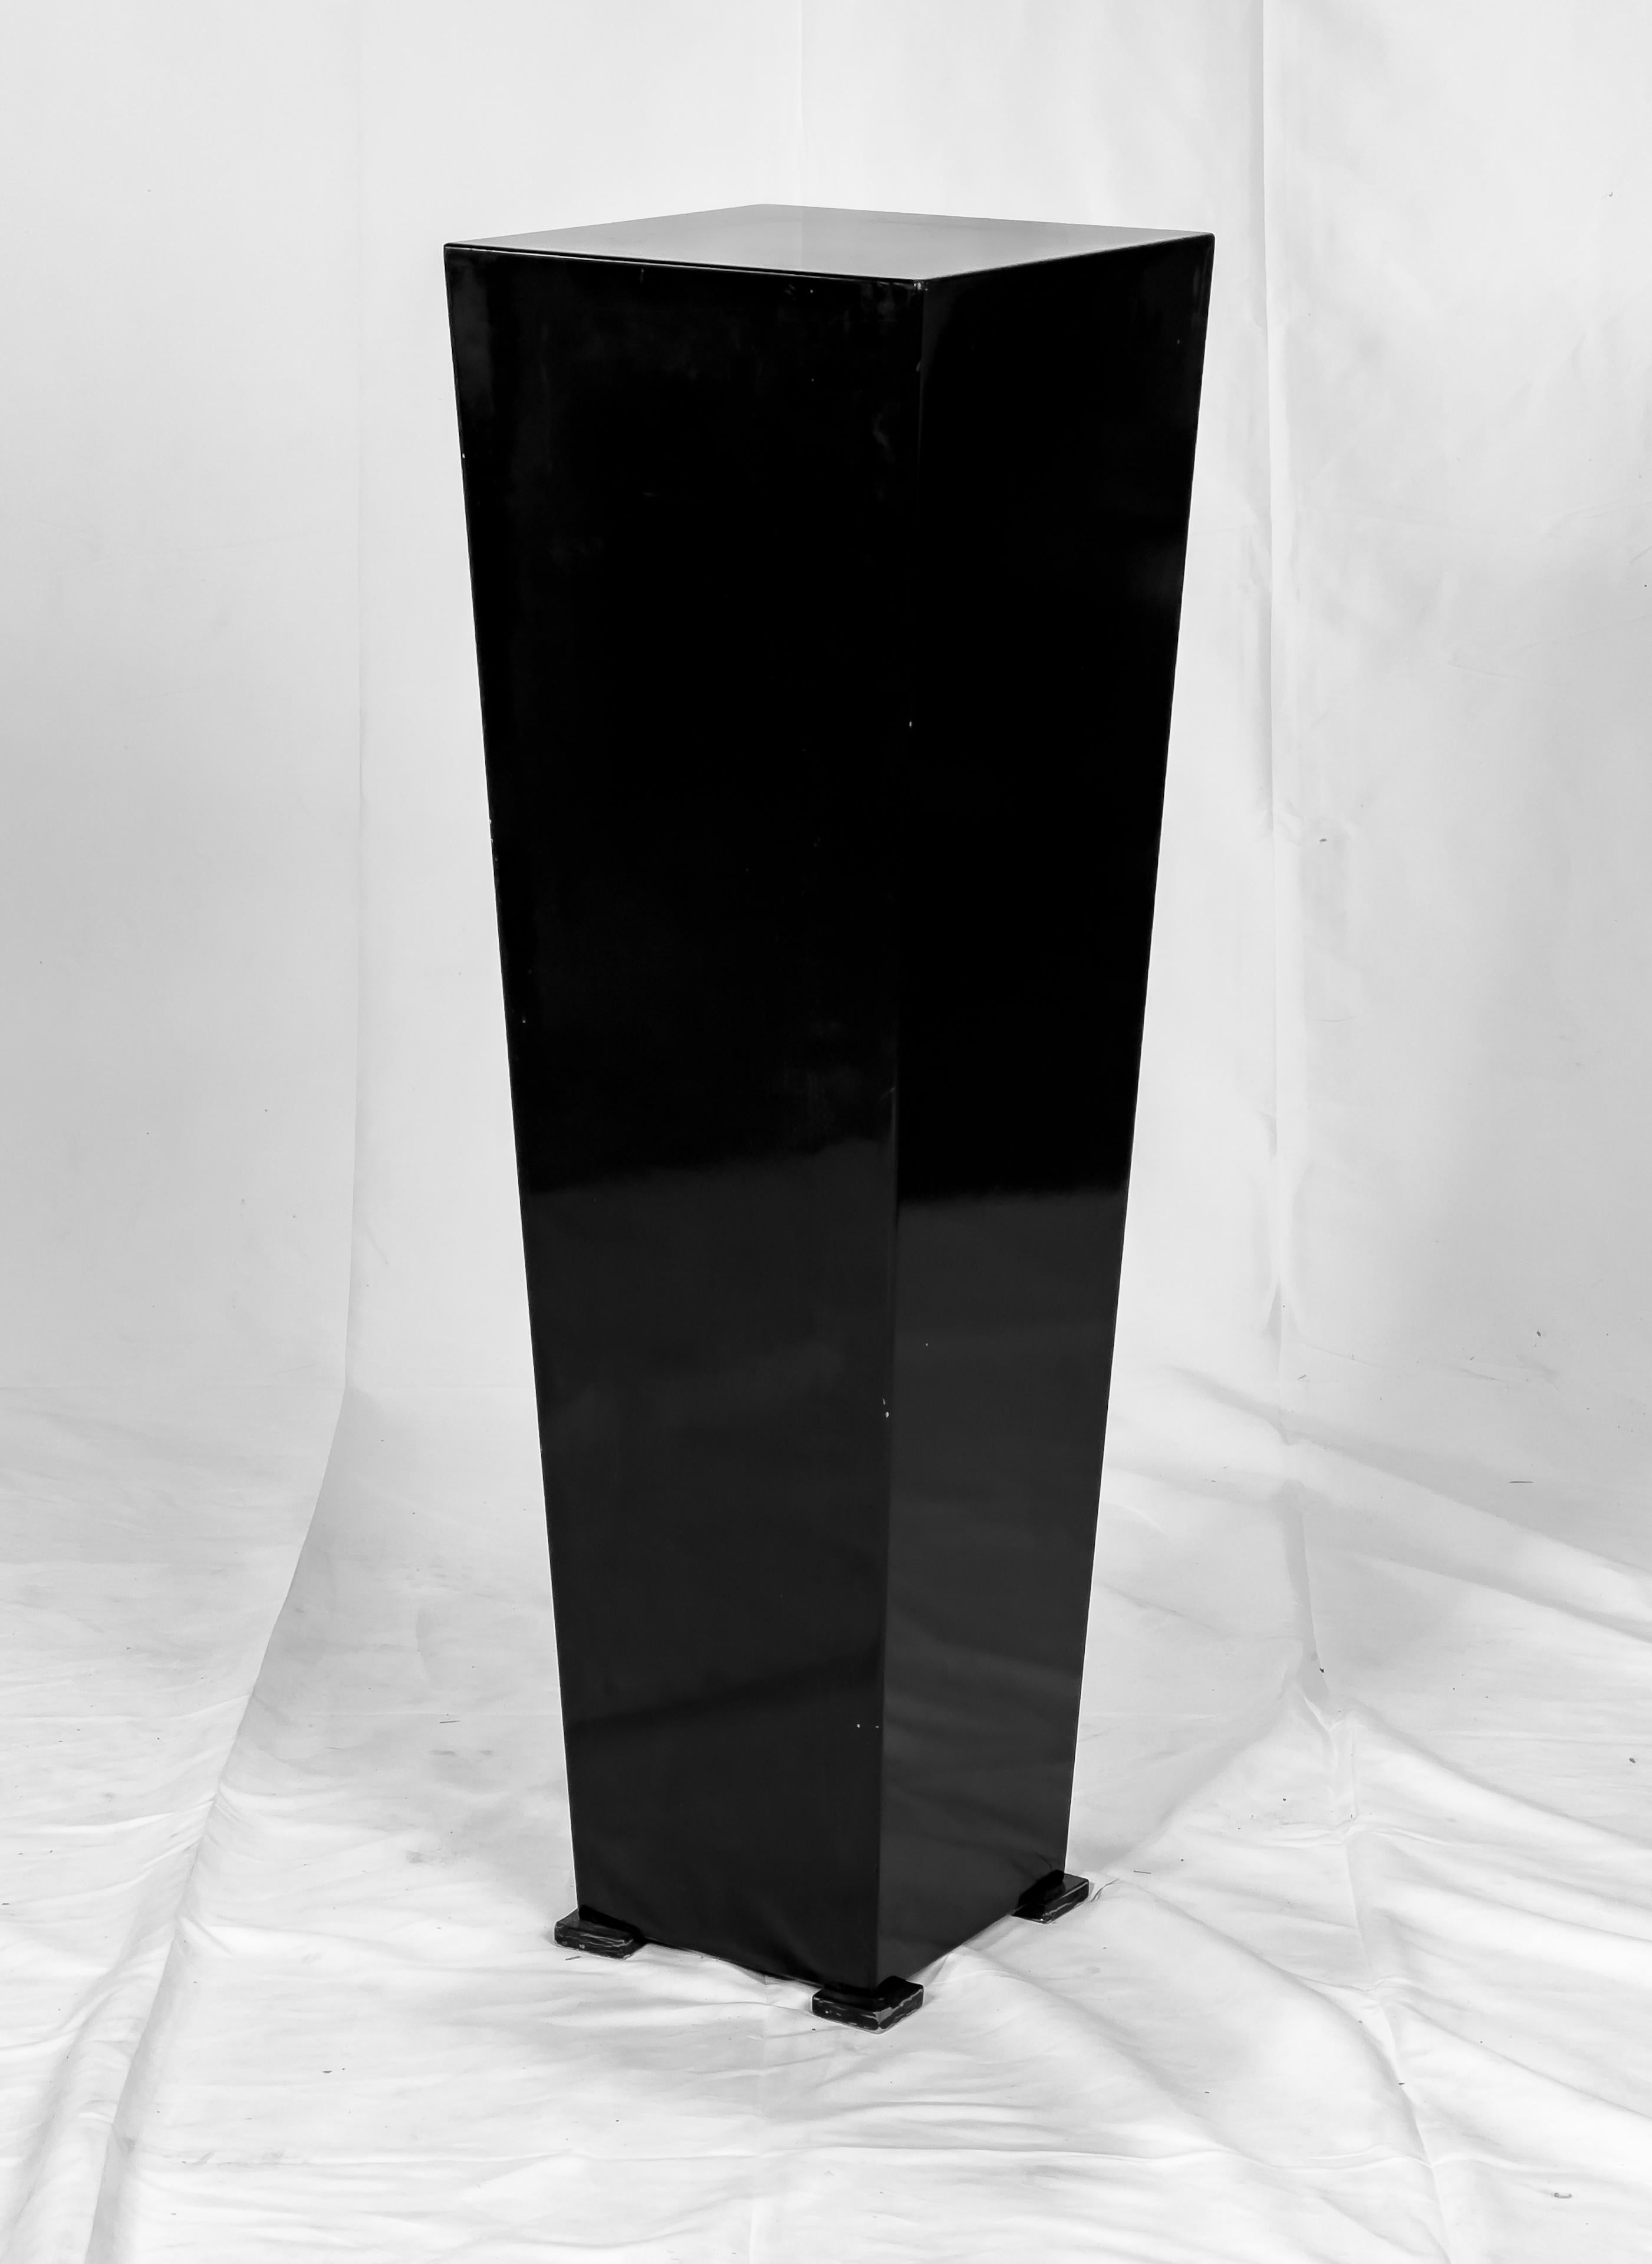 Dark Reflections, eine Skulptur von Mac Whitney (geb. 1936), einem angesehenen texanischen Künstler, der vor allem für seine monumentalen Skulpturen bekannt ist. Es handelt sich um eine schwarz polierte Acrylskulptur einer abstrakten Form auf einem
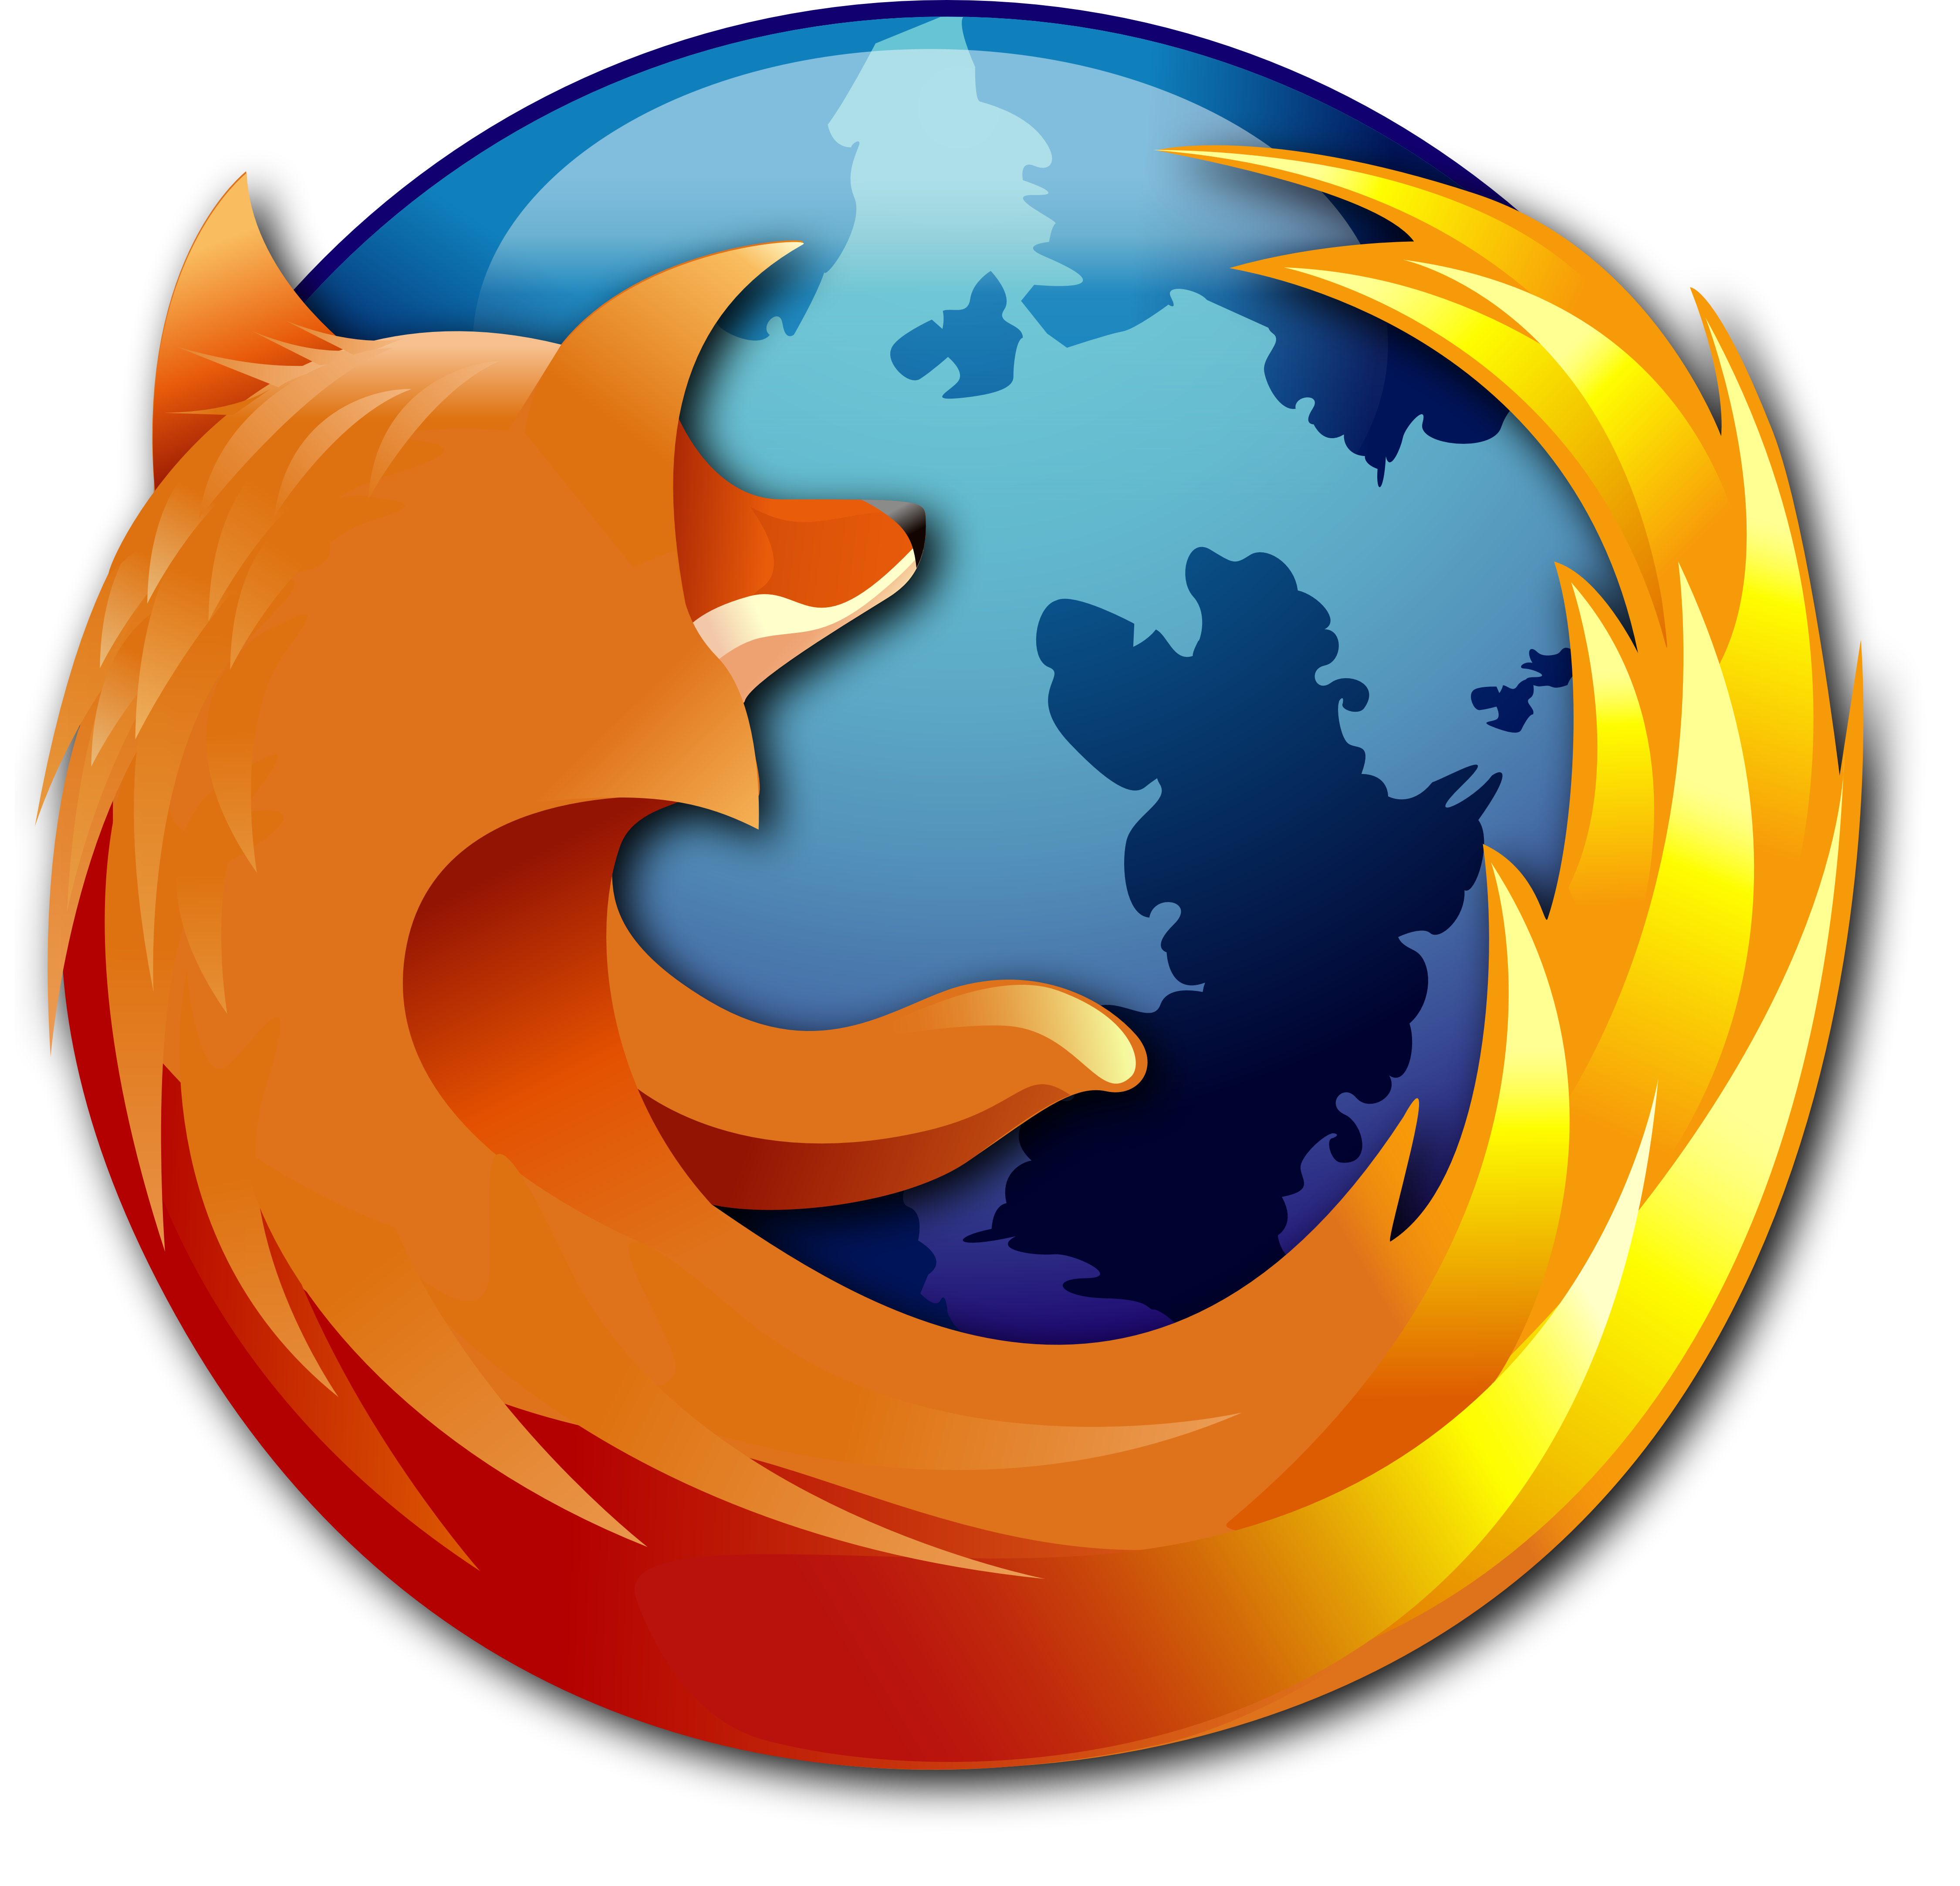 [UpdateJanuary2015] Free Download Firefox 36.0 Beta 4 
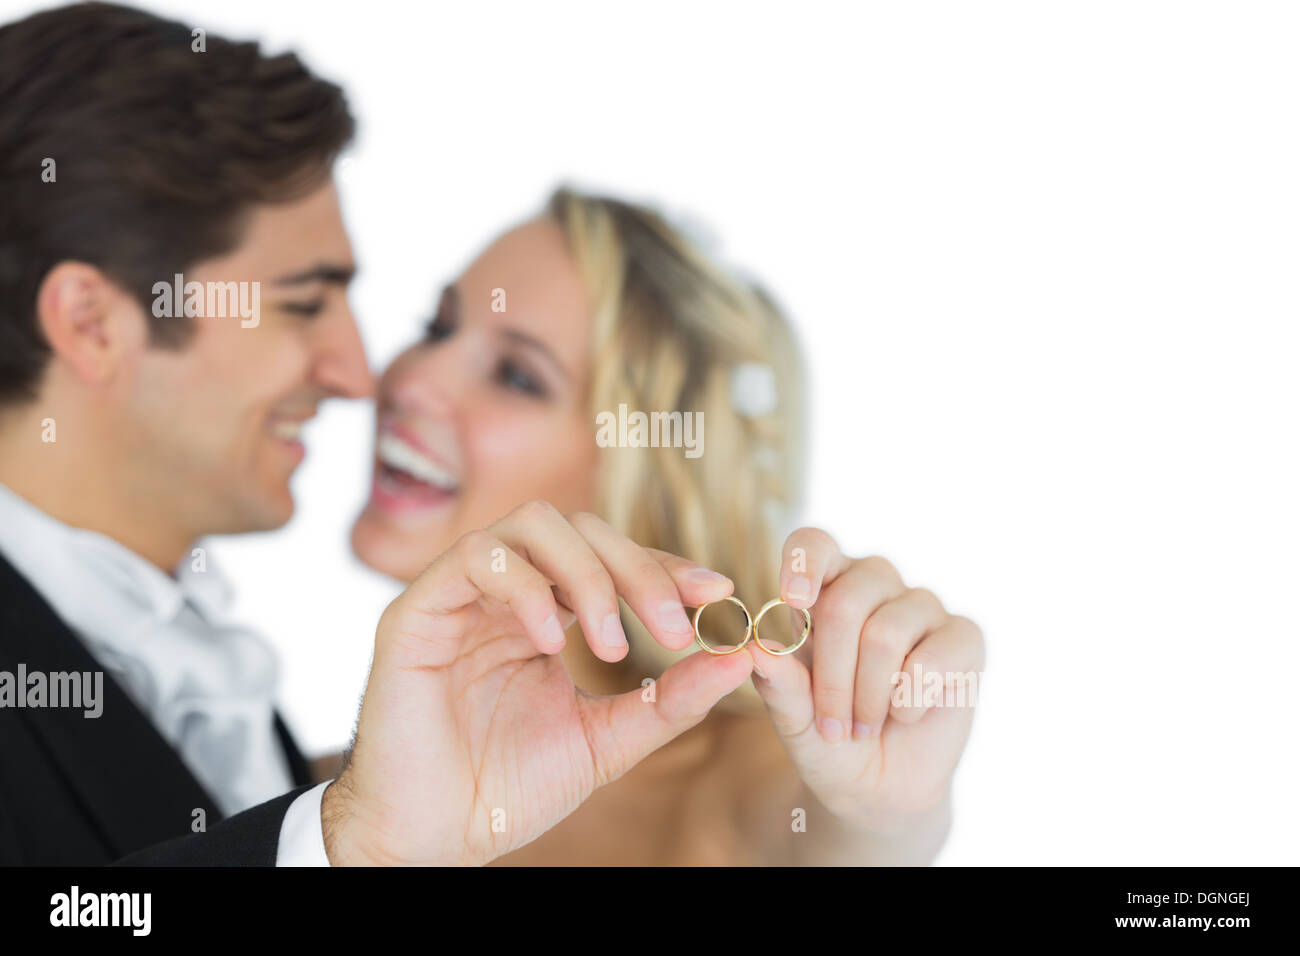 Heureux couple marié attrayant montrant leurs anneaux de mariage Banque D'Images

++++++

WHAT YOU HAVE TO DO:
All that should be printed is the lines from the one containing "[UpdateJanuary2015] Free Download" through the last line of the material above, both ends included, exactly as they stand; please skip the pictures.

TASK RESULT:
 [UpdateJanuary2015] Free Download Firefox 36.0 Beta 4 
 Heureux couple marié attrayant montrant leurs anneaux de mariage Banque D'Images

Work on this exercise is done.